Tuesday, May 27, 2008

Texas Homebuilders Buescher Homes Files Chapter 7 Bankruptcy -

From Wfaa Dallas Fort Worth - North Texas may not be bearing the brunt of the national housing bust, but some local businesses are feeling the pain.

Several local homebuilders have gone out of business. Others are scaling back their operations, cutting jobs as revenue and profit fall.

"The builders have really ratcheted back the size of their organizations," said Ted Wilson, an analyst with Residential Strategies Inc., a Dallas-based research and consulting firm. "Most of the builders I've talked to have reduced their overhead by 30 percent to 50 percent."

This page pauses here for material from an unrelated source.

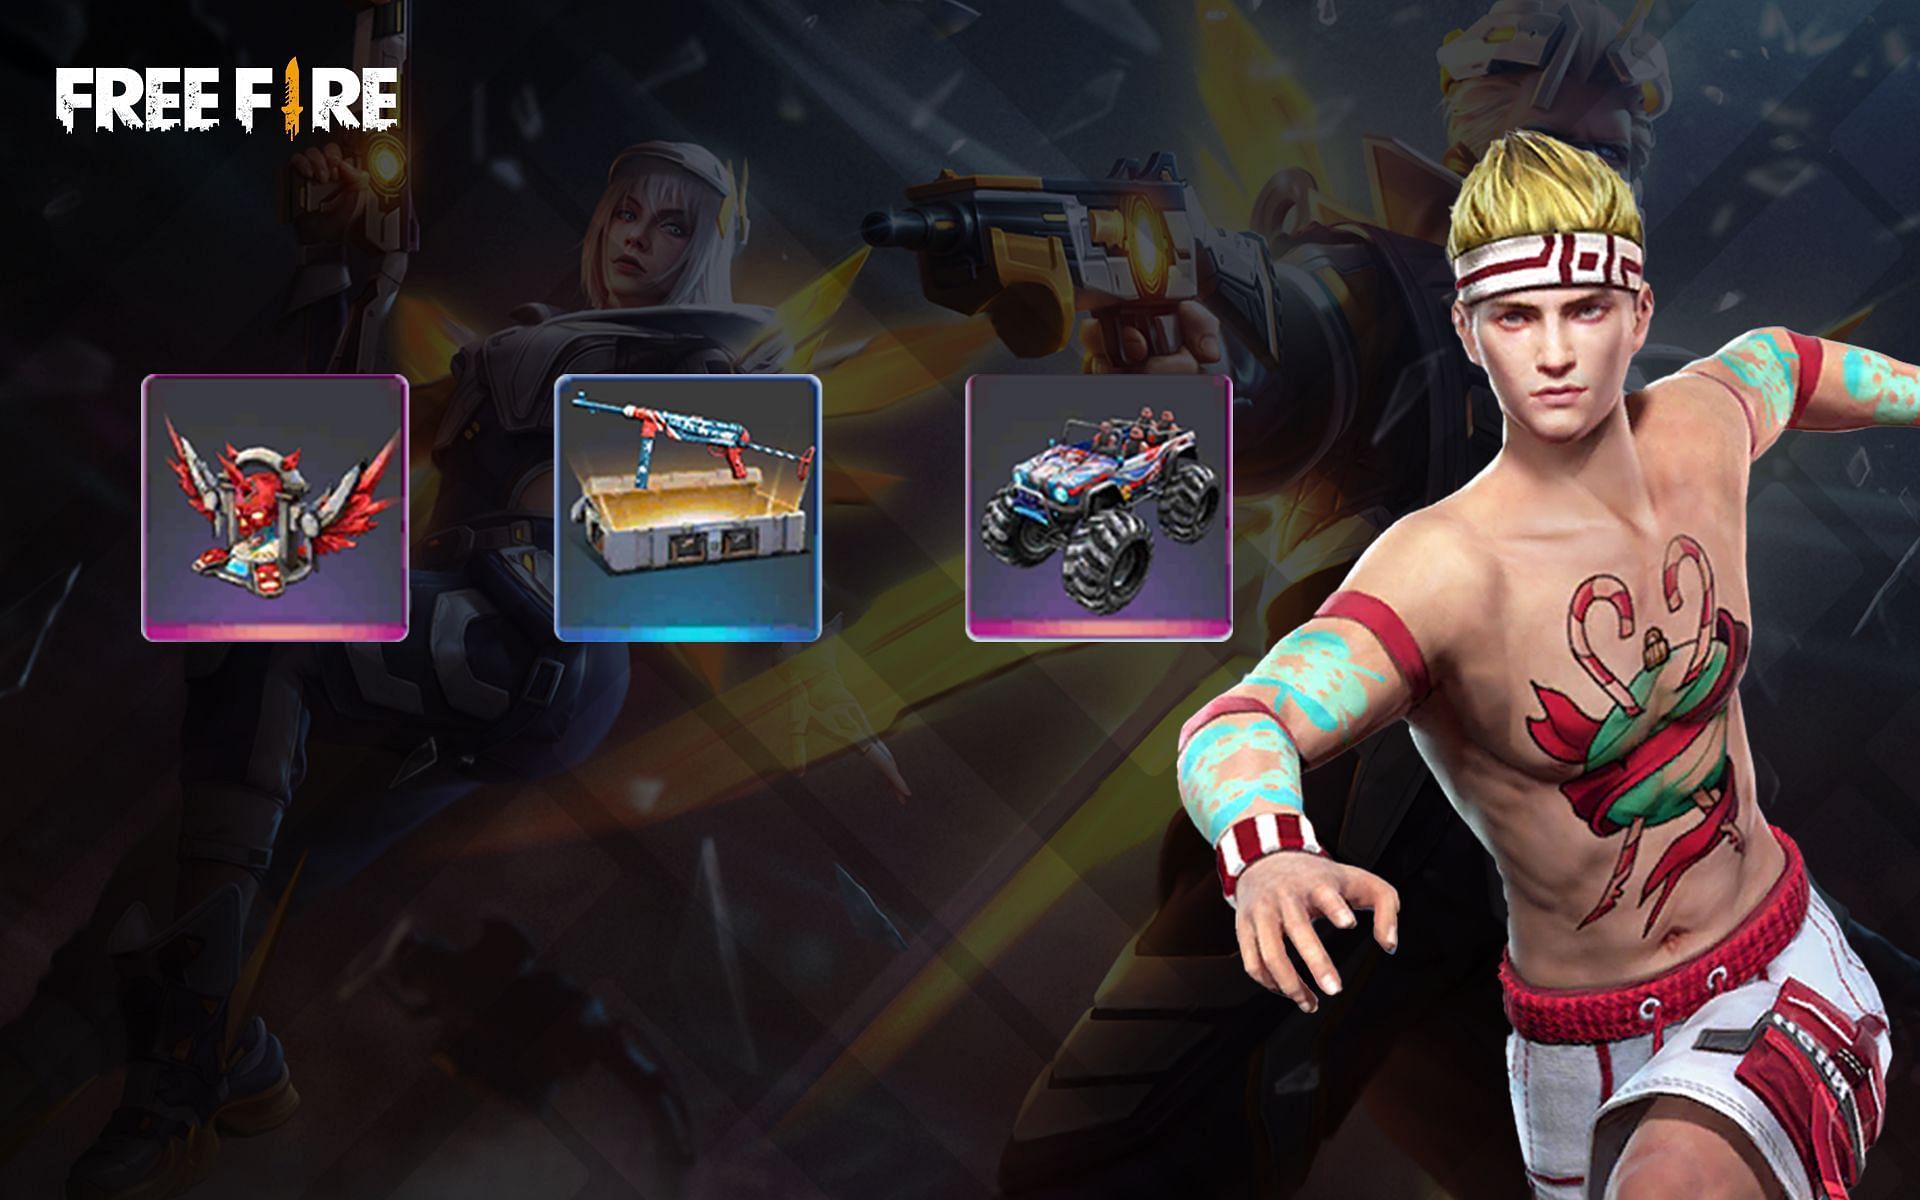 There are multiple rewards up for grabs (Image via Free Fire)
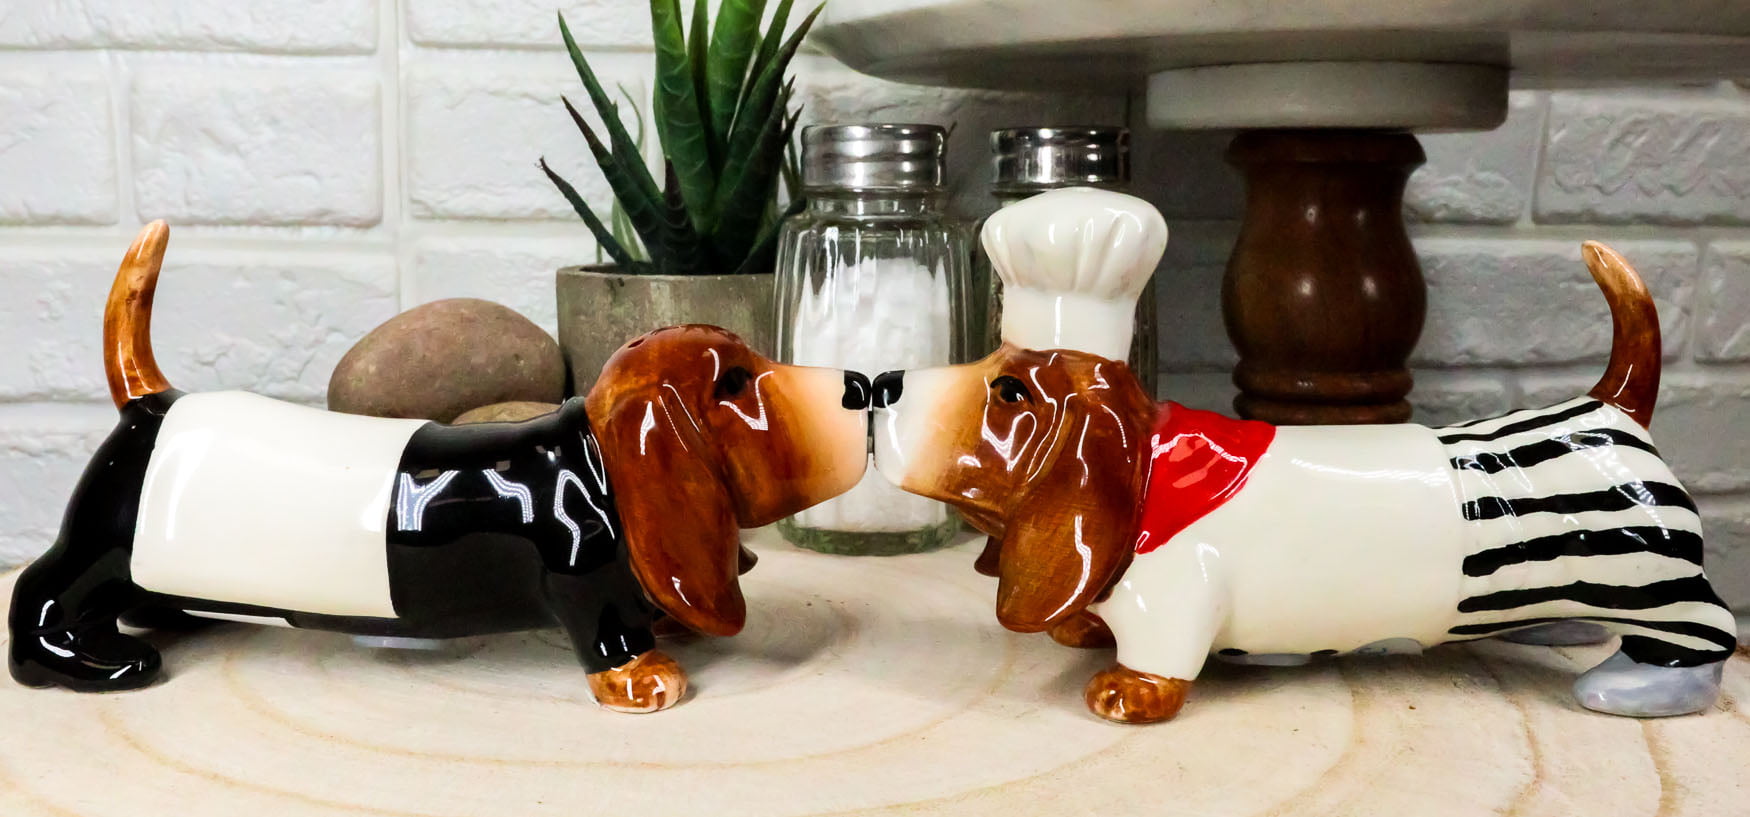 Ebros Realistic Groomed White French Poodle Puppy Dog Glass Salt And Pepper Shakers Holder Figurine 6.25Tall Whimsical Hugging Poodles Pet Memorial Animal Dogs Decor Statue

Even some local manufacturers are taking a hit. Window maker Silver Line Building Products LLC, a unit of Minnesota-based Andersen Co., recently said it would have to cut 250 job cuts at its Garland plant.

The cause was falling national demand for the company's windows, said Maureen McDonough, a spokeswoman for Andersen. Housing starts have fallen more than 50 percent nationally since their 2005 peak, according to the U.S. Census Bureau.

"We've scrubbed our budgets for three years, and we've done a number of voluntary programs to reduce labor costs," Ms. McDonough said. "Unfortunately, we had to have involuntary reductions now."

Of course, the housing bust is not taking the same kind of toll in Texas as it is in the epicenters of the downturn, such as California and Florida.

Those states have lost more than 80,000 construction jobs apiece since December 2006, according to the U.S. Department of Labor.

Texas, with a milder housing downturn and robust nonresidential construction, has actually added more than 23,000 construction jobs since the end of 2006.

Still, the national trouble has clearly led to a significant slowdown in the local housing market.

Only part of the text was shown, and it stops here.